DATA EXTRACT -
'''
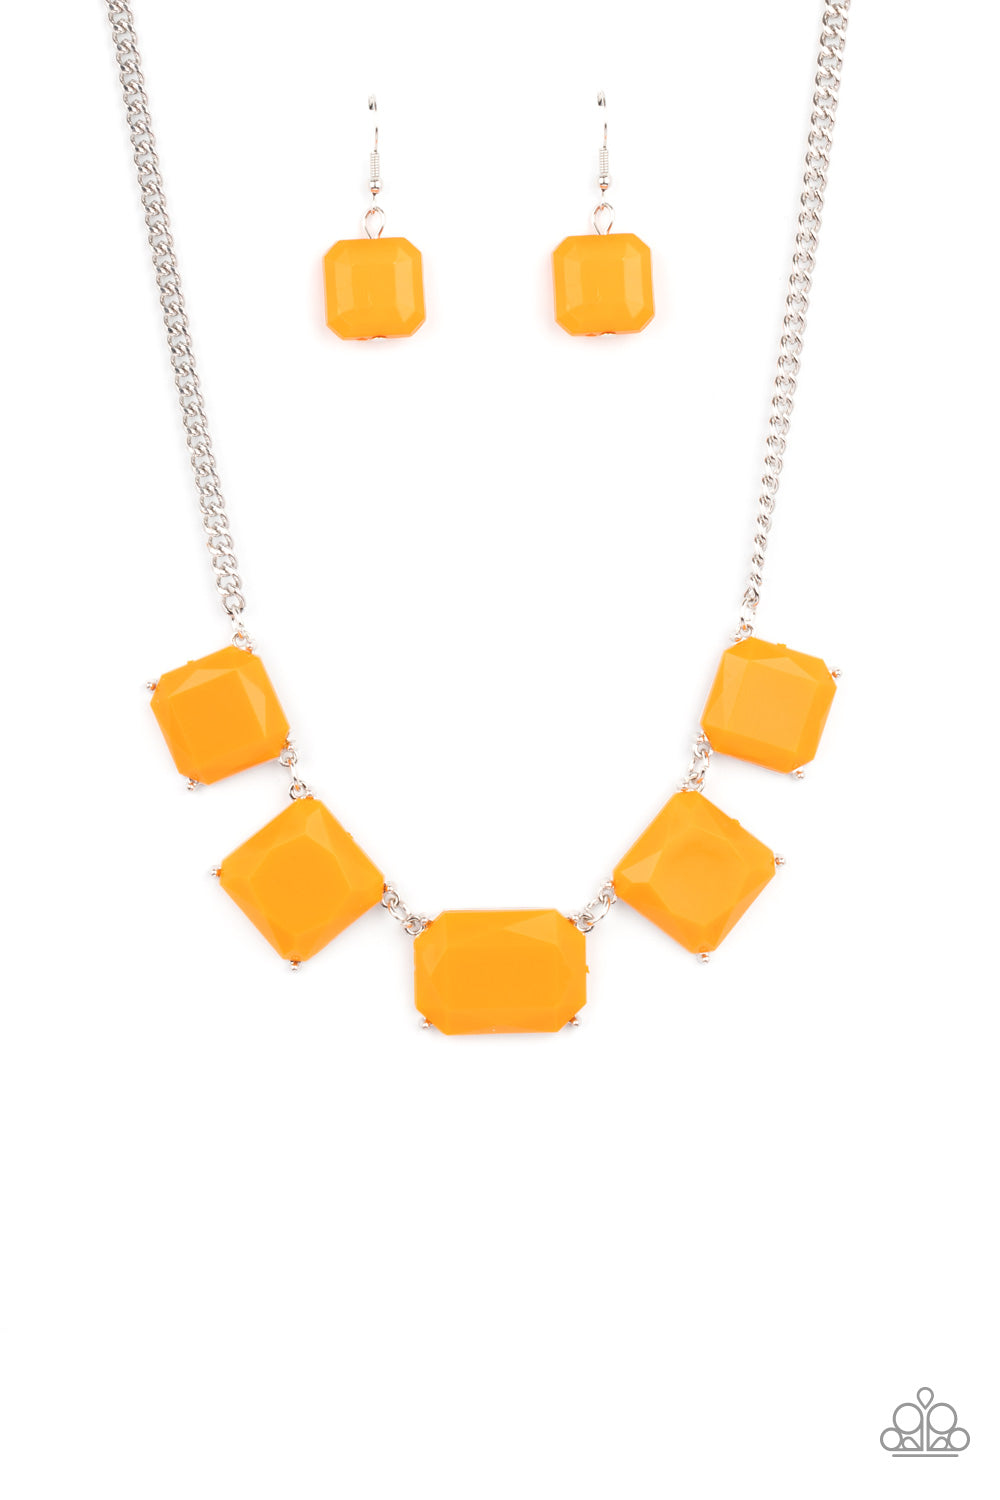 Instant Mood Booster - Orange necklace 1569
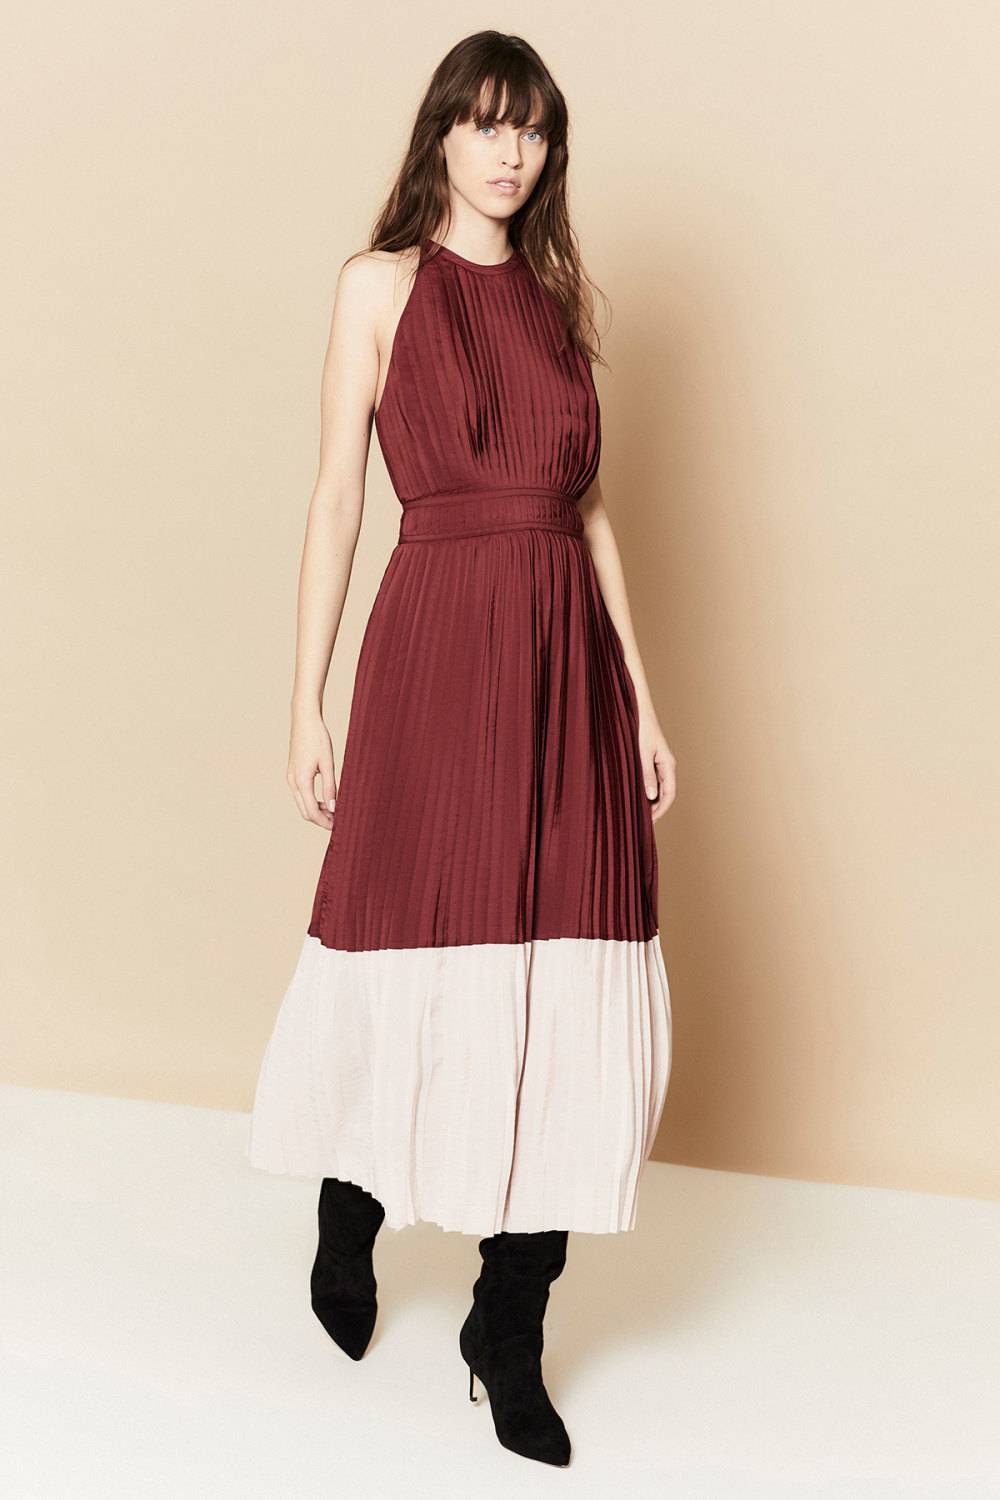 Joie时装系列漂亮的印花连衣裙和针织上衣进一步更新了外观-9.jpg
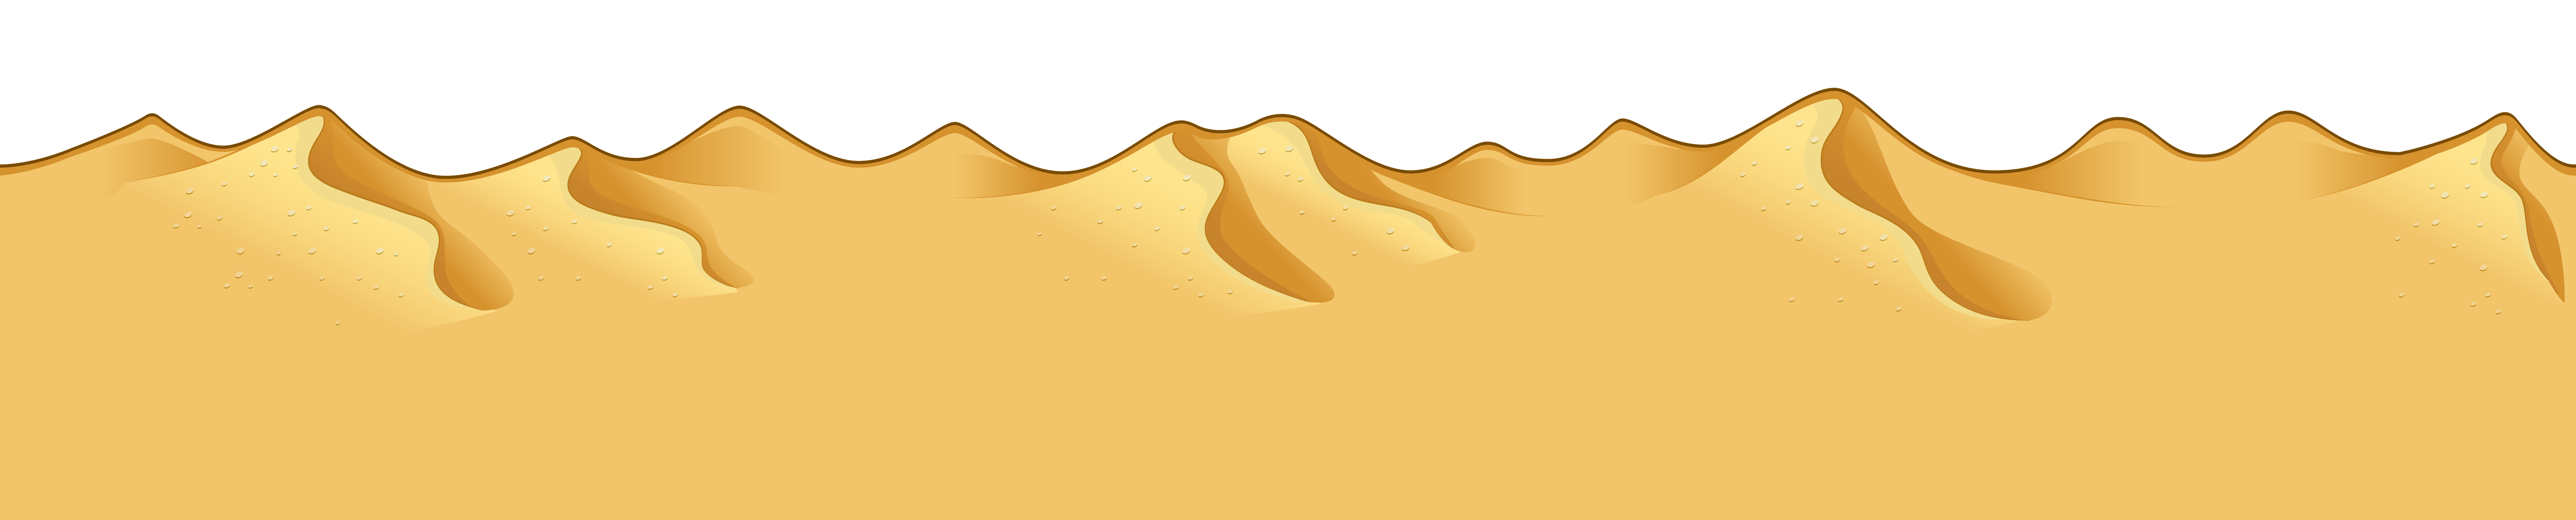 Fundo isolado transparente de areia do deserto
'''
'''
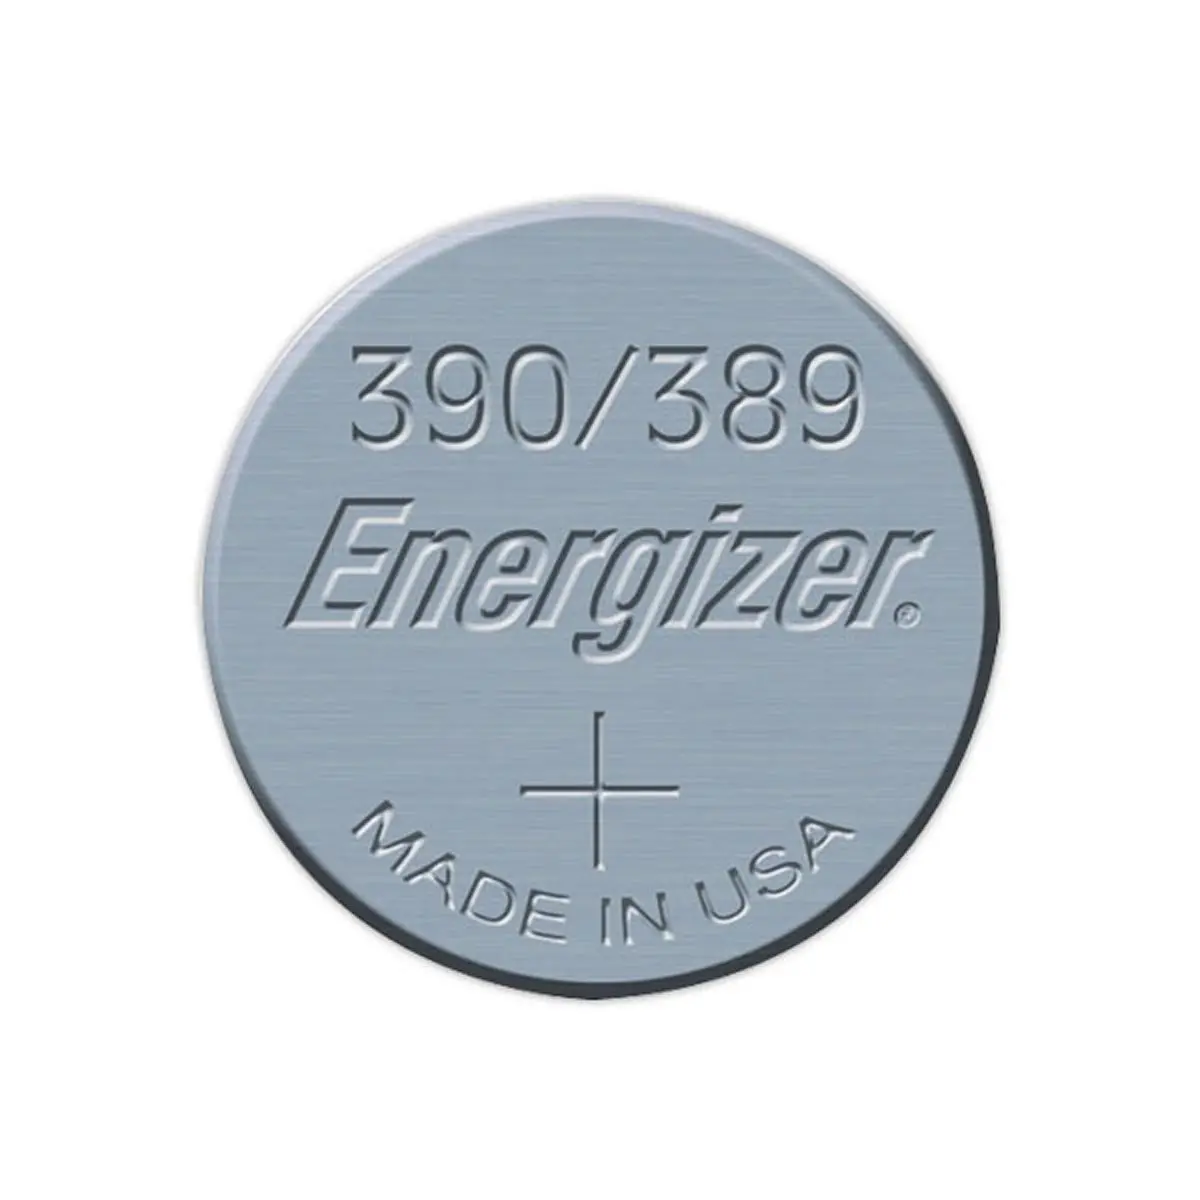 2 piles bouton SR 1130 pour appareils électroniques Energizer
'''
WORK TASK - Reproduce the listing above exactly from the line containing "Instant Mood Booster - Orange necklace 1569" up to and including the line containing "Fundo isolado transparente", omitting any images and everything outside those lines.

TASK RESPONSE -
 Instant Mood Booster - Orange necklace 1569
 Joie时装系列漂亮的印花连衣裙和针织上衣进一步更新了外观-9.jpg
 Fundo isolado transparente de areia do deserto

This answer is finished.